Required action> Since the records include pictures, leave those out while you reproduce exactly and only the lines from the one containing "Pale Green Blue" through the one containing "Fermentation Tank& Bright Tank", inclusive.

Exercise inputs>
+ + + +

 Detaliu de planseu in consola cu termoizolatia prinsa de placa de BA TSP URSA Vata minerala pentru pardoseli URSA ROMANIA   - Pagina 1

+ + + +

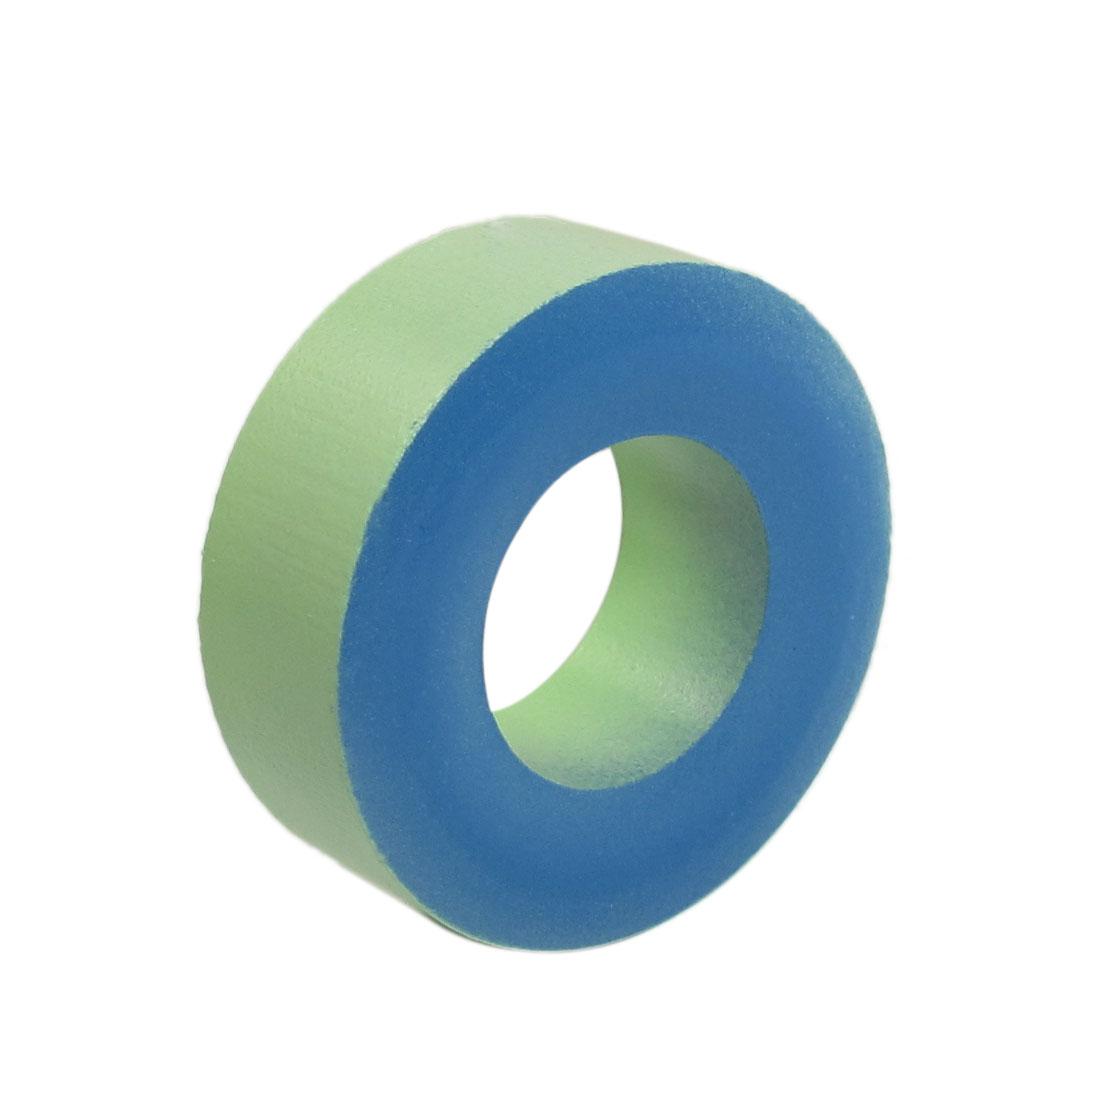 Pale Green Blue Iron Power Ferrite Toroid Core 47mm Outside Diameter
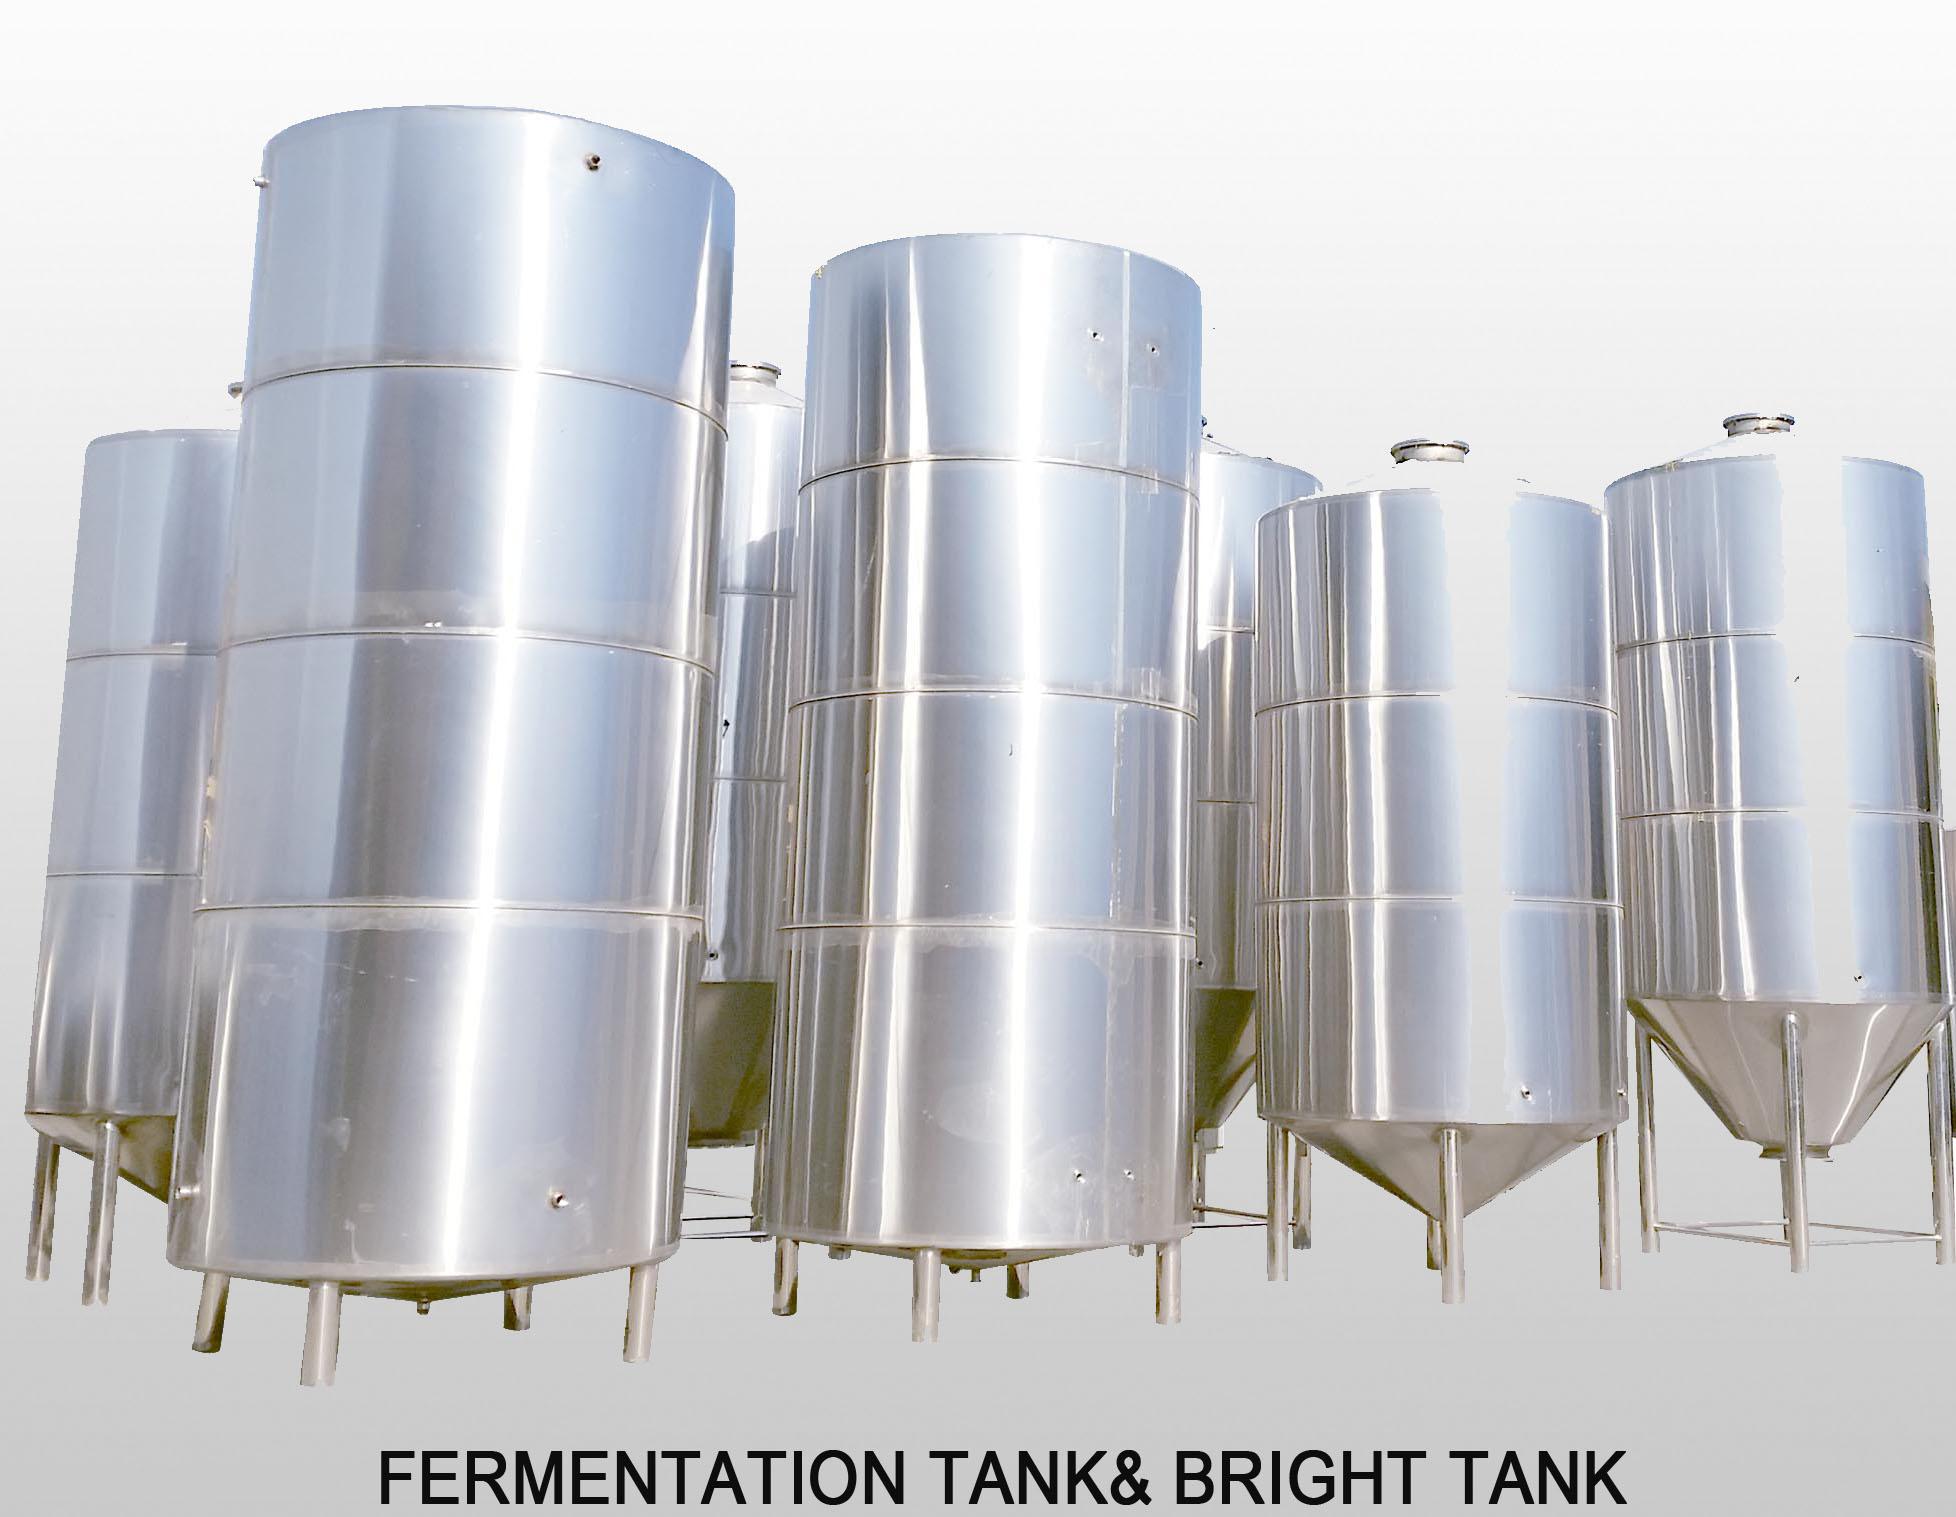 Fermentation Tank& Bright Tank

+ + + +

Response box>
 Pale Green Blue Iron Power Ferrite Toroid Core 47mm Outside Diameter
 Fermentation Tank& Bright Tank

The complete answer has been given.